After a slow start, I've finally started tearing through My Antonia. I realize this book will be over soon! I'm about halfway through the ~250 page novel and I'm really enjoying the change of pace from Middlemarch.
My Antonia is basically the memories of a boy, Jim Burden, as he grows up in the farm lands with his neighbor Antonia Shimerda. The Shimerdas are Bohemians who've recently come to America to start their own farm. The father has a difficult time adjusting to his new life in America and, during his first winter in America, shoots himself in the Burden's barn. From there, Antonia's older brother assumes the role of patriarch in her family. He uses Antonia as a farm hand while Jim, a few years younger, goes to school.

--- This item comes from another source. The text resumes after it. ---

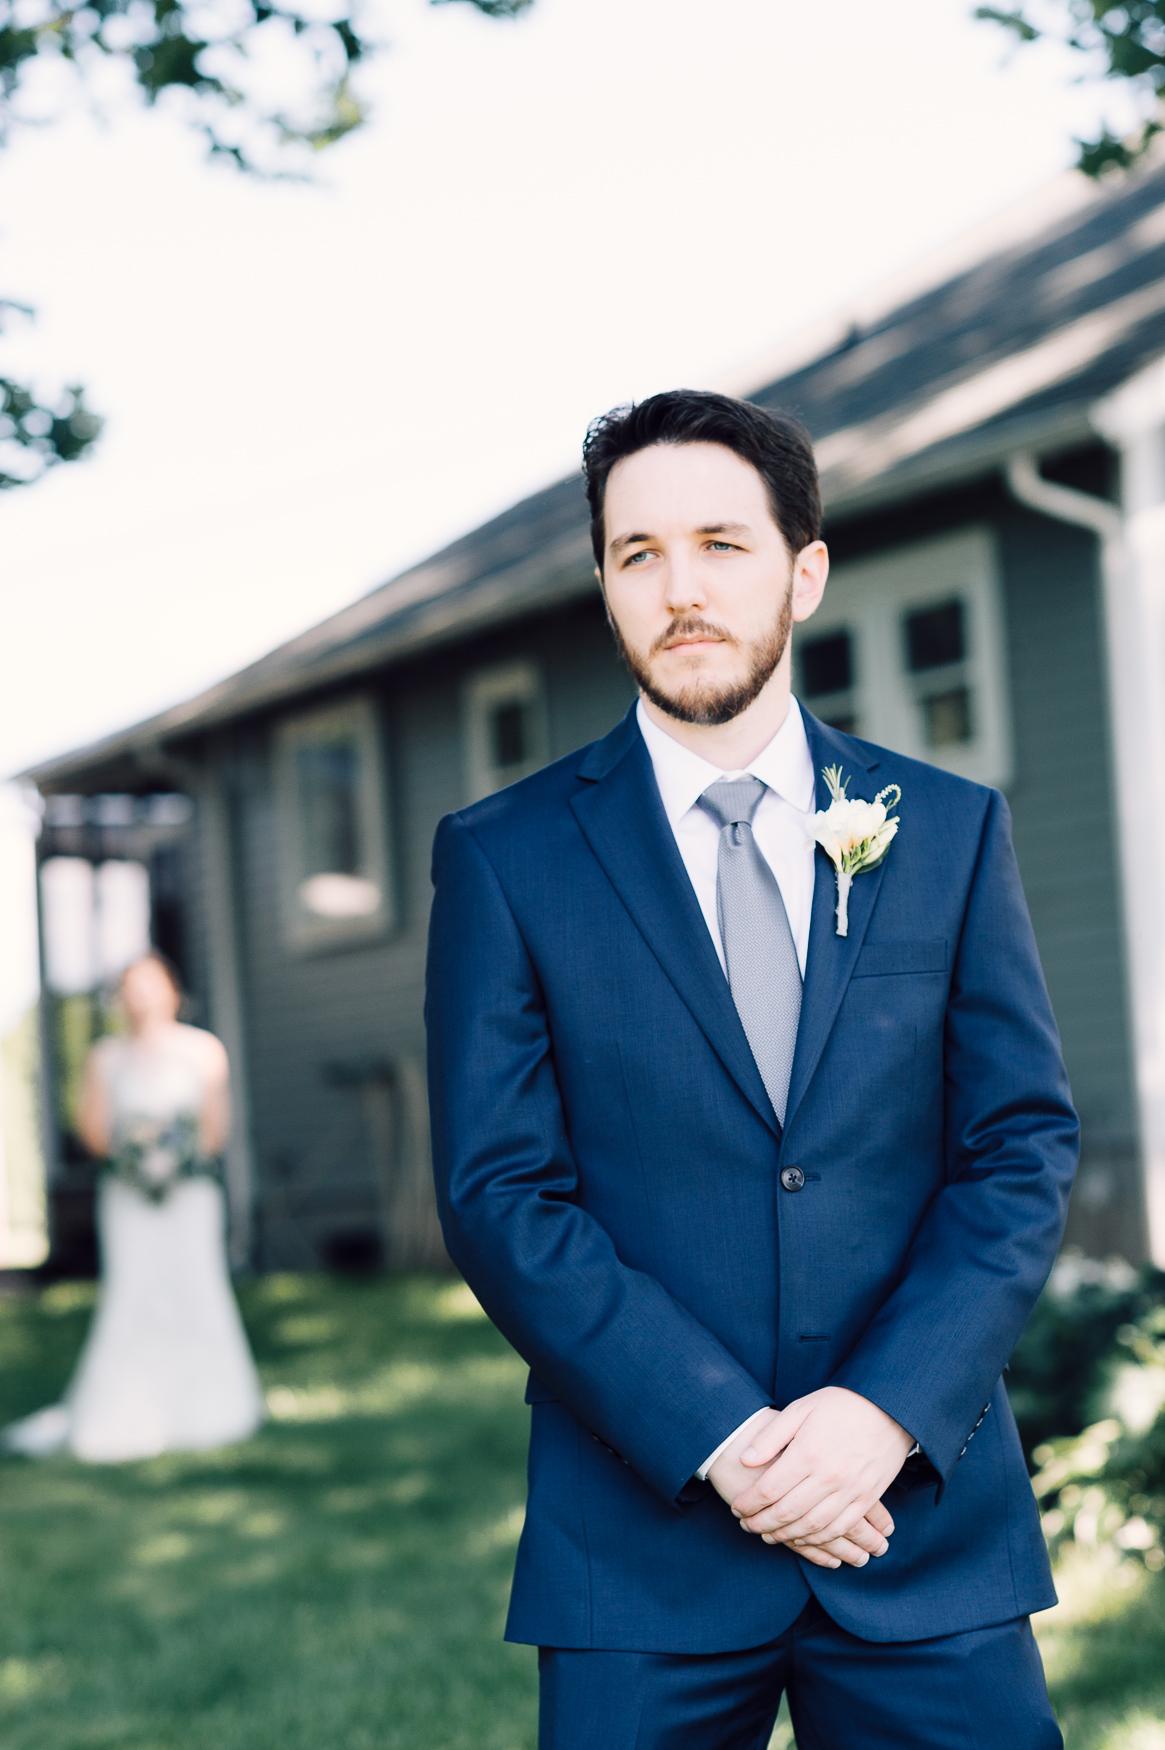 charlottesvillewedding_backyardwedding_virginia_youseephotography_CaitlinDerek (13).jpg

Right now, Jim's going to school in the town and Antonia is working as a helper to his neighbors, the Harlings. Antonia just exudes a good vibe in the novel and I don't quite know how Cather is able to do that since we really don't know much about her. She's passionate and childlike despite her hard life. She loves her family and the Burdens and isn't frivolous. Look at that. I guess that's how Cather got us to love Antonia.
The farmland, middle America setting is interesting as well. I've never really read many books that take place in this part of the world. I'm enjoying it. There's a sense of camaraderie and neighborliness in this book that's not stifled and overly polite like it is in Middlemarch. Everything about My Antonia feels so vast even though it focuses on so narrow a subset of people.